Red-backed vole abundance was determined from an ongoing annual trapping program in Algonquin Provincial Park, which has been described in several published articles (e.g., Fryxell et al. 1998, 1999, Falls et al. 2007, Denomme-Brown et al. 2020).  Small mammals were trapped once or twice a month, May-August, at 10 trap lines along the Highway 60 corridor of the park.  Each trapline was approximately 90 m long and contained 10 trapping stations spaced 10 m apart, each with two small (7.5 cm x 7.5 cm x 30.5 cm) Sherman live traps.  One Sherman and one Longworth trap (6.4 cm x 8.4 cm x 13.8 cm) were used for the years 2013 to 2016 inclusive.  Therefore, each line contained a total of 20 traps.  Traps contained a ball of polyester batting for use as bedding and were baited each evening with water-soaked sunflower seeds, oats, or peanut butter and checked the following morning.  Captured animals were identified to species and marked with a Monel ear tag.  We calculated species abundance as the number of captures per 100 trap nights (TN) and exponential rate of increase as the natural logarithm of the ratio of the abundance at time t and the abundance the previous year, at time t-1.  The annual mean (SD) trap nights for our 23 years of data was 4678 (±427).
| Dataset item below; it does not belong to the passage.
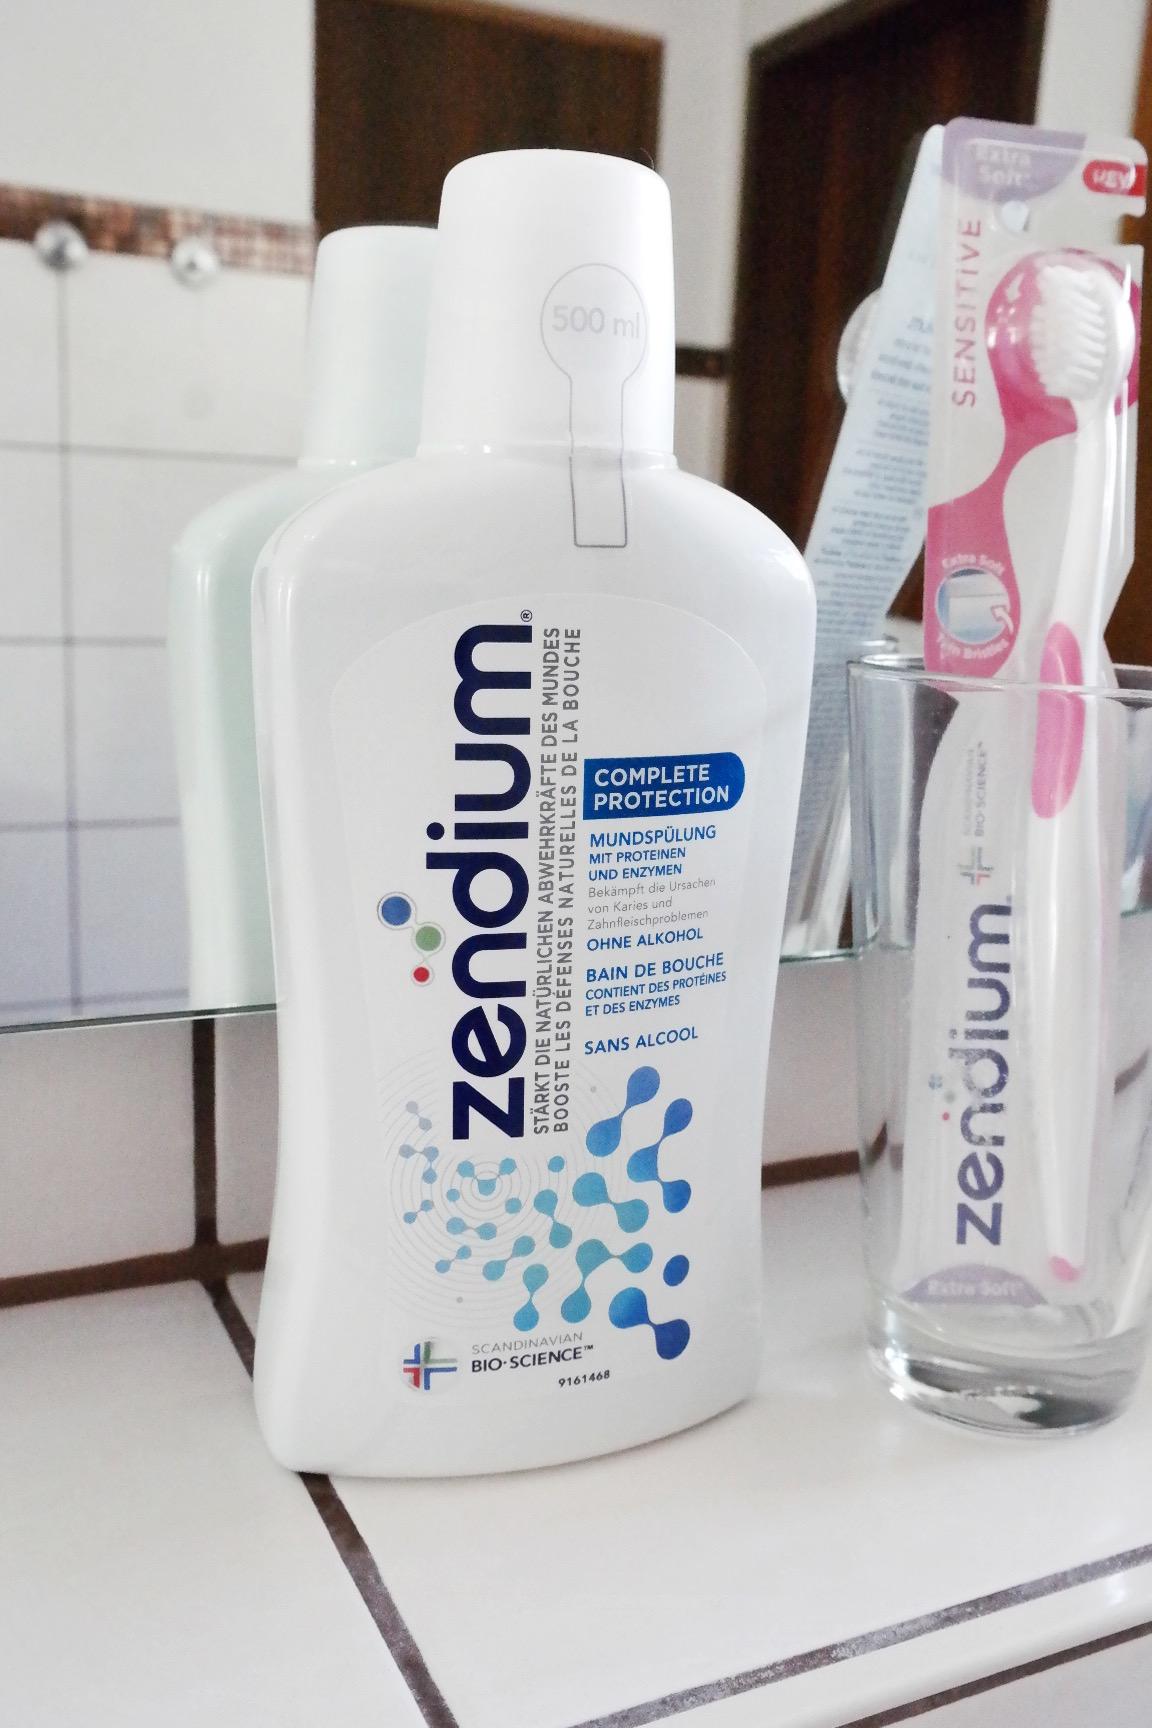 missbonnebonne-morning-routine-zaehneputzen-zahnpflege-zahnpasta-zendium-4

We collected data on the productivity of mountain ash and oak from the OMNRF’s annual Ontario Wildlife Food Survey.  To complete this survey, OMNRF field personnel submitted estimated summer and fall fruit/seed productivity scores for a range of plant species from their region on a scale of 0-4, with 0 indicating no or almost no production and 4 indicating a bumper crop.  For the purposes of our study we considered only data from the Great Lakes-St. Lawrence East region of Ontario.  We excluded data from three districts within this region (Sault Ste. Marie, Wawa, and Aylmer) because they did not overlap with and were not adjacent to the FMUs included in our study.  There was variation in reporting strategy within and among districts. For example, some districts submitted multiple observations from specific locations within the district while others provided an overall estimate.  For comparability, mean annual productivity scores for each reporting area were weighted equally to calculate a mean overall productivity score for each species of interest over the entire study area.  

We estimated relative abundance of Northern saw-whet owls using data collected during Birds Canada Nocturnal Owl Surveys in the central region of Ontario, which is roughly bordered by the 47^oN and 44^oN lines of latitude.  Surveys were conducted annually on a single evening in April by volunteers following a predetermined 18 km route.  These routes were located along secondary roads and consisted of 10 stops spaced 2 km apart.  The protocol at each stop began with 2 min of silent listening for owl calls, followed by the playing of a series of boreal owl (Aegolius funereus) and barred owl (Strix varia) calls interspersed with silent listening periods.  Volunteers recorded all owl calls they heard at each station.  Birds Canada personnel then estimated an annual index for each owl species, including Northern saw-whet owl, using generalized additive models with smoothing terms for geographic location to account for spatial autocorrelation.  The response variable was the number of occupied stations on each route for a given year.  Models were created using the binomial version of the “gam” function, which is based on the methods of Hastie (1992) and found in the GAM package for R.  Using the indices produced by this calculation (N) we calculated northern saw-whet owl exponential rate of increase in year t using the formula ln(N_t/N_t-1).  

Fisher J:AF values for each FMU are presented in the columns labelled with the FMU names.

Fisher age ratios were calculated over the entire fisher trapping season (October-January).  Data is presented in the row corresponding to the year in which the trapping season began (i.e. J:AF data in the "1998" row corresponds to the 1998-1999 trapping season).

Blank cells indicate that data was not available.